Merci Heinzi, danke für den Link!! Habs gerade eben schon nachgebaut, wirklich einfach. Jetzt kann der Bausatz kommen


----------



## Alex.k (3. Januar 2009)

*AW: Projekt: Erste selbstgebaute Rute*

Das Spezialband sieht für mich aus als würde es normales Abklebeband sein.


----------



## Nordlichtangler (3. Januar 2009)

*AW: Projekt: Erste selbstgebaute Rute*

Das Unterwickelband muss *glattes Tape* sein, ohne Riffel, vollflächig klebend.
Und es sollte was taugen, dass die Klebschicht nicht nach 2 Jahren plötzlich aufhört, das tun ganz billige Fabrikate gerne. Tesa-Band ist gut, aber inzwischen sehr teuer, Baumarkt wie OBI. Da ist es plötzlich sogar günstiger bei CMW das Nopi mitzukaufen ...


----------



## heinzi (3. Januar 2009)

*AW: Projekt: Erste selbstgebaute Rute*



devin111 schrieb:


> Merci Heinzi, danke für den Link!! Habs gerade eben schon nachgebaut, wirklich einfach. Jetzt kann der Bausatz kommen



 ...übrigens, den bausatz habe ich mir voriges jahr gekauft. allerdings bis 145g wurfgewicht. ist wirklich super, insbesondere für diesen preis. allerdings habe ich den eindruck, das die rute deutlich mehr ab kann als angegeben. bin mal gespannt wie dein eindruck des blankes ist.
gruß
heinz


----------



## devin111 (3. Januar 2009)

*AW: Projekt: Erste selbstgebaute Rute*

Werd dir Rückmeldung geben.
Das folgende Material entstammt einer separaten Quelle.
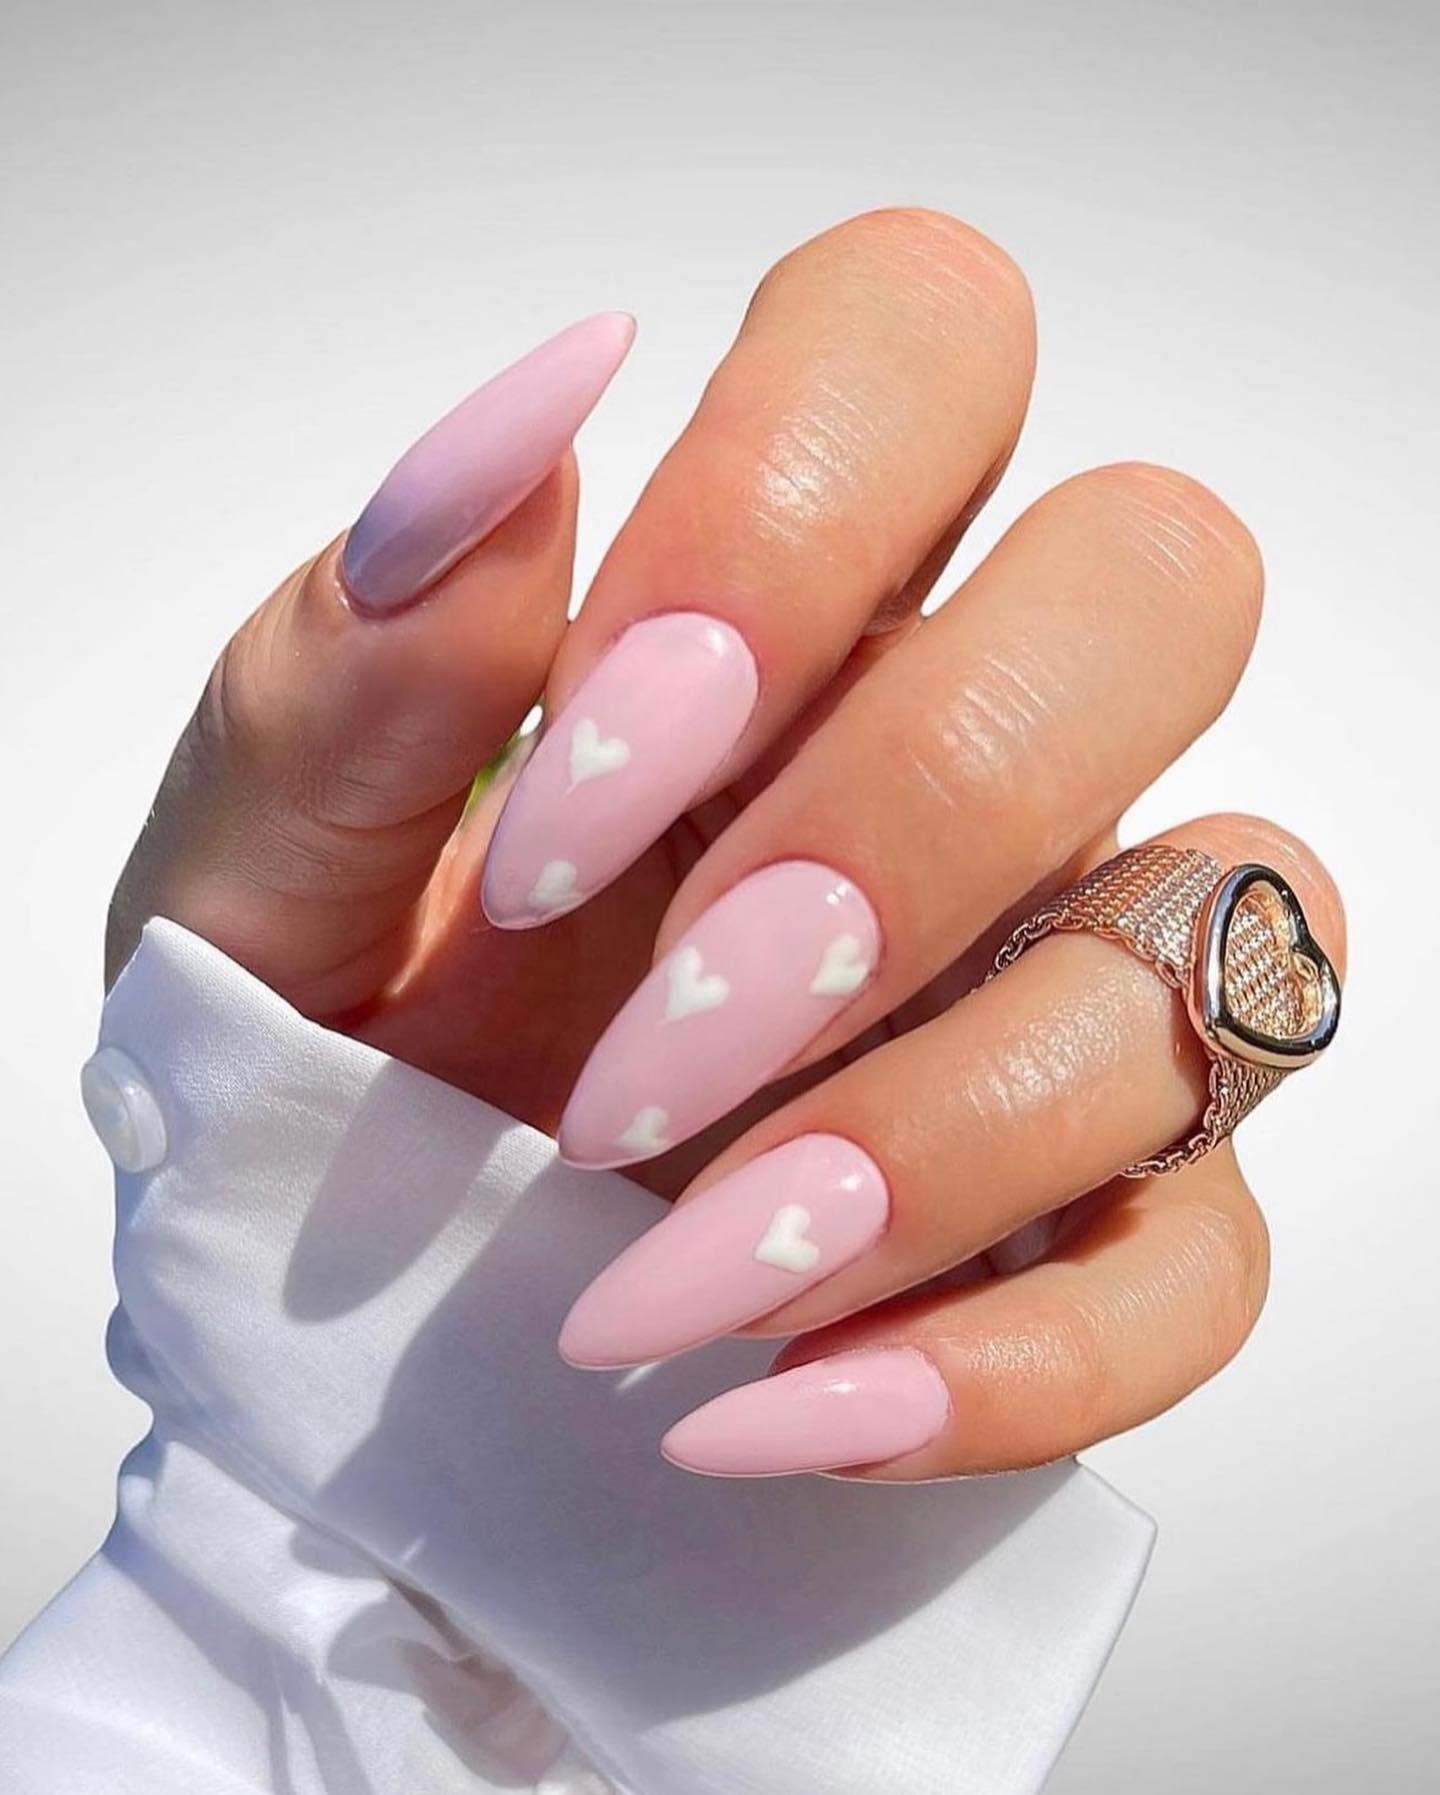 100 Of The Best Spring Inspired Nail Designs images 6

Bin aber erstmal froh wenn ichs überhaupt schaffe die Rute zusammenzubauen 

Hab noch ne kurze Frage wegen dem Springpunkt des Blanks. Um diesen zu finden muß man doch den Blank auf z.B. auf einen Tisch aufsetzen etwas durchbiegen und drehen, dann dort wo der Blank auf dem z.B. Tisch einrastet oder etwas aufliegt (keine Ahnung wie man das nennt) ist doch der Springpunkt oder? Aber wo kommen jetzt die Ringe hin? Auf der Seite wo der Blank auf dem Tisch einrastet oder 180 Grad versetzt (oder 45 Grad), da komm ich noch nicht ganz klar. 
Vielleicht könnt ihr mir ja da noch kurz weiterhelfen.


----------



## crazyFish (3. Januar 2009)

*AW: Projekt: Erste selbstgebaute Rute*

@heinzi

Wieviel wiegt denn die 145iger Variante insgesamt? Bin am überlegen ob ich mir so ein Set zum testen besorge, bevor ich mir dann was eigenes aufbaue.
Wie sind denn die praktischen Erfahrungen mit dem Blank? Würde die dann mit Gummiködern von 15 bis 20cm und 15 bis 25gr fischen wollen...


----------



## devin111 (4. Januar 2009)

*AW: Projekt: Erste selbstgebaute Rute*

Hab jetzt nochmal ne ganz tolle Zeichnung angefertigt, zwecks meiner Frage wo die Ringe hinkommen.


----------



## Nordlichtangler (4. Januar 2009)

*AW: Projekt: Erste selbstgebaute Rute*

Beide 180-Grad Stellungen sind "richtig", einmal kann man so mit Krümmung nach oben aufbauen und diese verstecken, im Innenbogen erscheint mir die Vorzugskrümmung besser für die letzte Phase des Wurfes und die erreichte Wurfpräzsion (Zielgenauigkeit) der Spinnrute bestätigt mir dieses.


----------



## devin111 (4. Januar 2009)

*AW: Projekt: Erste selbstgebaute Rute*

Danke für die Antwort. Also meinst du die Ringe 180 Grad versetzt zu setzten ist besser, also wie bei 1.?


----------



## heinzi (4. Januar 2009)

*AW: Projekt: Erste selbstgebaute Rute*



crazyFish schrieb:


> @heinzi
> 
> Wieviel wiegt denn die 145iger Variante insgesamt? Bin am überlegen ob ich mir so ein Set zum testen besorge, bevor ich mir dann was eigenes aufbaue.
> Wie sind denn die praktischen Erfahrungen mit dem Blank? Würde die dann mit Gummiködern von 15 bis 20cm und 15 bis 25gr fischen wollen...


 
Hallo crazy fish, was die rute insgesamt wiegt kann ich nicht sagen. wenn ich es schaffe mal in den keller zu kommen, würde ich die rute mal wiegen. ich habe die rute in norwegen zum pilken benuzt. dort hatte sie auch mit pilker um 200g keine probleme. der blank ist rel. schnell. aus meiner sicht ist der blank für die o.g. gummiköder überdimensioniert. ich hatte den blank hier schon mal beschrieben und es gab zu dem bausatz schon ein thema. gib mal als suchfunktion: "cmw schnäppchen" ein. da findest du den blank beschrieben.


----------



## crazyFish (4. Januar 2009)

*AW: Projekt: Erste selbstgebaute Rute*

Danke die Größenabschätzung kam auf Basis der Angaben bei CMW, ich werde die Tage mal dort anrufen.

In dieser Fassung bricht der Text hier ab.